L'accès à l'éducation dans le monde : quelques progrès et beaucoup de mauvaises notes.

L'enseignement joue un rôle fondamental dans la réduction des inégalités, et ce bien au-delà du clivage Nord-Sud. Sans éducation pas d'émancipation. À l'occasion de la tenue de la prochaine commission " Éducation-formation " (Blois, le 26 janvier), où nous vous espérons nombreux-ses, le dossier du mois s'intéresse aux enjeux, aux freins et alternatives, afin de favoriser l'accès à l'éducation dans le monde.

Des avancées notables…

En 2000, dans le cadre des objectifs du Millénaire pour le développement (OMD), les pays membres de l’ONU s’étaient fixés « d’ici à 2015, de donner à tous les enfants, garçons et filles, partout dans le monde, les moyens d’achever un cycle complet d’études primaires ».
 

Dans les régions en développement, le taux net de scolarisation dans l’enseignement primaire a atteint 91 % en 2015, contre 83 % en 2000. Le nombre d’enfants non scolarisés en âge de fréquenter l’école primaire a été réduit quasiment de moitié dans le monde, passant de 100 millions en 2000 à environ 57 millions en 2015. Parmi toutes les régions, l’Afrique subsaharienne a obtenu les meilleurs résultats en ce qui concerne l’éducation primaire depuis que les OMD ont été mis en place. Cette région a augmenté de 20 points de pourcentage son taux net de scolarisation en quinze ans. Le taux d’alphabétisation des jeunes de 15 à 24 ans a augmenté dans le monde, passant de 83 % à 91 % entre 1990 et 2015, et l’écart entre les femmes et les hommes s’est réduit. En Asie du sud, en 1990, seulement 74 filles allaient à l’école primaire pour 100 garçons. 25 ans plus tard, 103 filles sont scolarisées pour 100 garçons.[1]

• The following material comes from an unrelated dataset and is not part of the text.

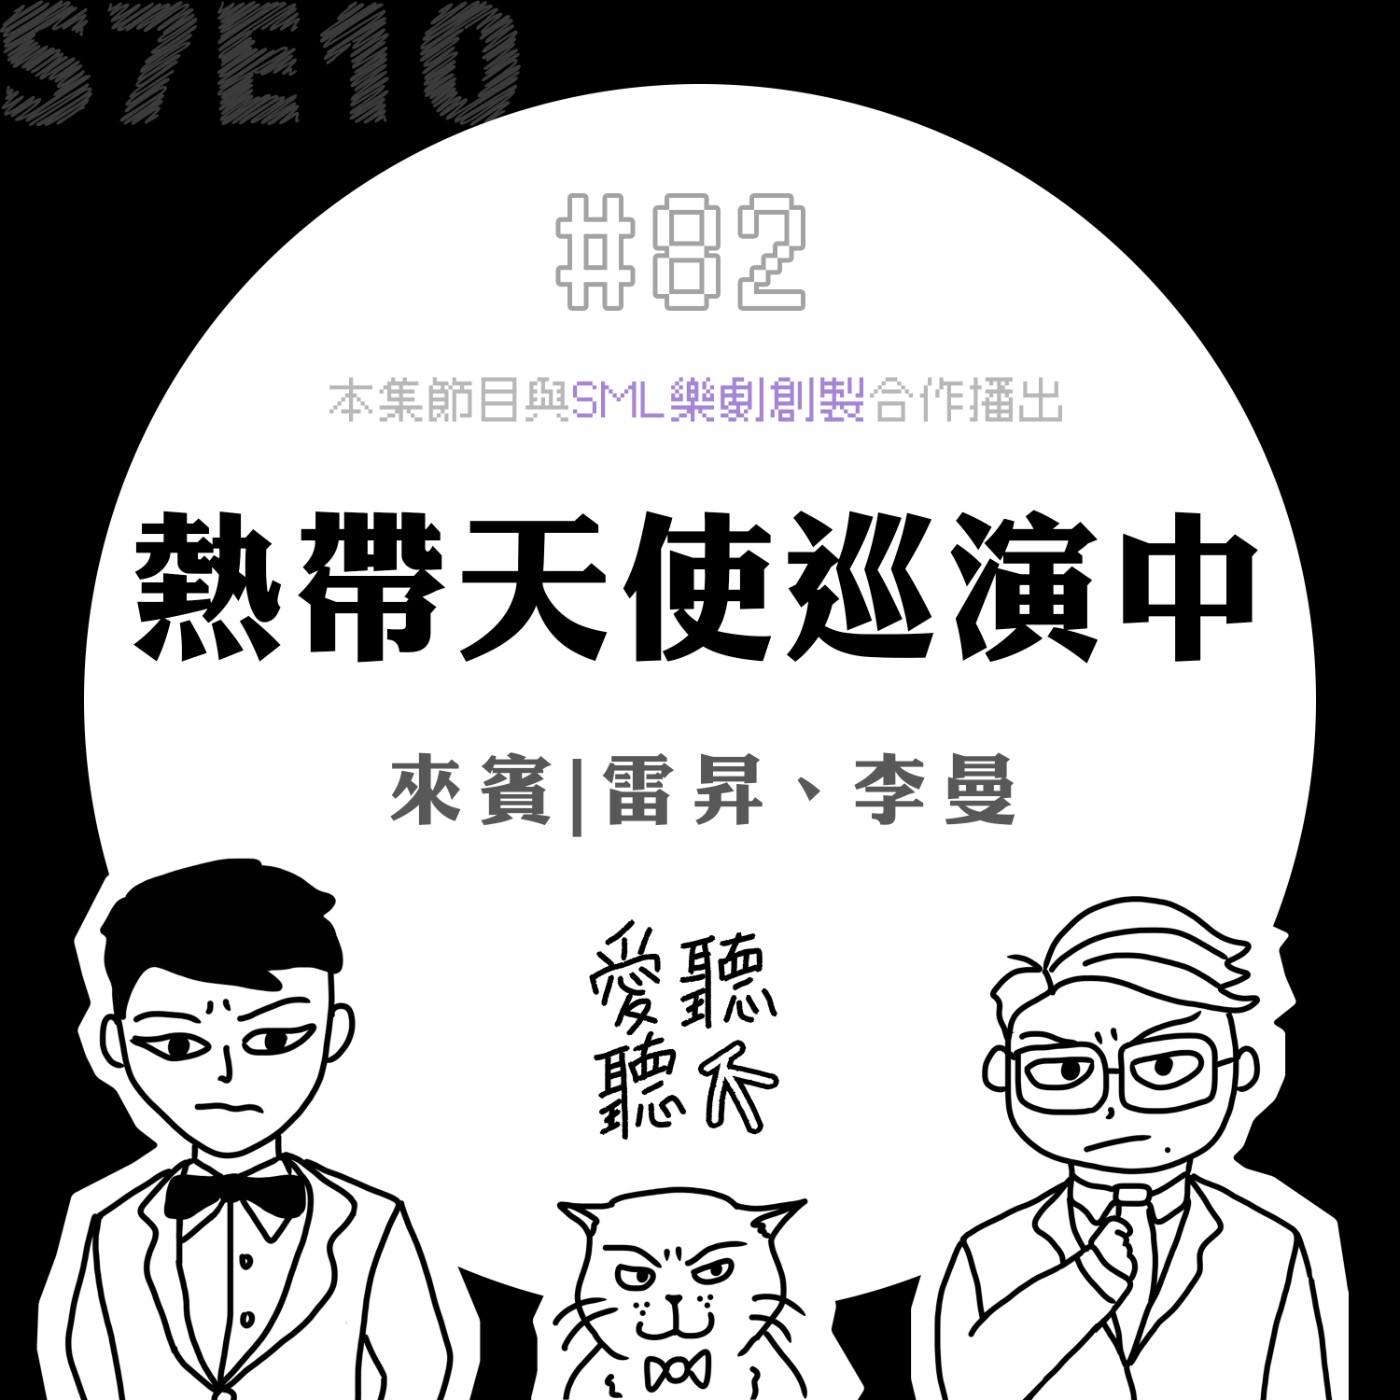 #82 熱帶天使巡演中 feat. 雷昇、李曼

Certains pays ont enregistré des résultats très encourageants. C’est le cas de l’Algérie qui a augmenté le nombre d’enfants accueillis dans le préscolaire et en maternelle de 2% en 2000 à 79% en 2012.

 

… qui cachent l’ampleur du travail à accomplir

Pour autant, beaucoup reste à faire en matière d’éducation. Les progrès réalisés entre 2000 et 2008 ont fini par stagner. Après quatre années d’études primaires, 250 millions d’enfants ne savent toujours pas lire et écrire ; un enfant sur quatre abandonne ses études avant la dernière année de primaire ; 47% des enfants en Asie du sud et 39% en Afrique subsaharienne ont un retard de croissance dû à la malnutrition qui handicape leur développement et leurs capacités d’apprentissage. Au total, seulement un tiers des 140 pays ont atteint l’ensemble des OMD en matière d’éducation.[2]
 

Plusieurs  facteurs pourraient expliquer une telle situation. Les enfants les plus pauvres ont quatre fois moins de chance de fréquenter l’école primaire, bien souvent avec l’obligation de travailler très tôt pour aider leur famille à subvenir à ses besoins ; près de 170 millions d’enfants travaillaient en 2013. D’autres sont marginalisés pour leur appartenance à une minorité ethnique ou linguistique, pour leur handicap qui nécessite des besoins spécifiques ou pour leur sexe. Préférence accordée à l’éducation des garçons, maternité précoce, la réduction des inégalités filles-garçons qui s’aggrave en situation de pauvreté laisse à désirer. Enfin, la persistance de conflits, de guerres et de moyens dédiés restent des obstacles majeurs à l’éducation.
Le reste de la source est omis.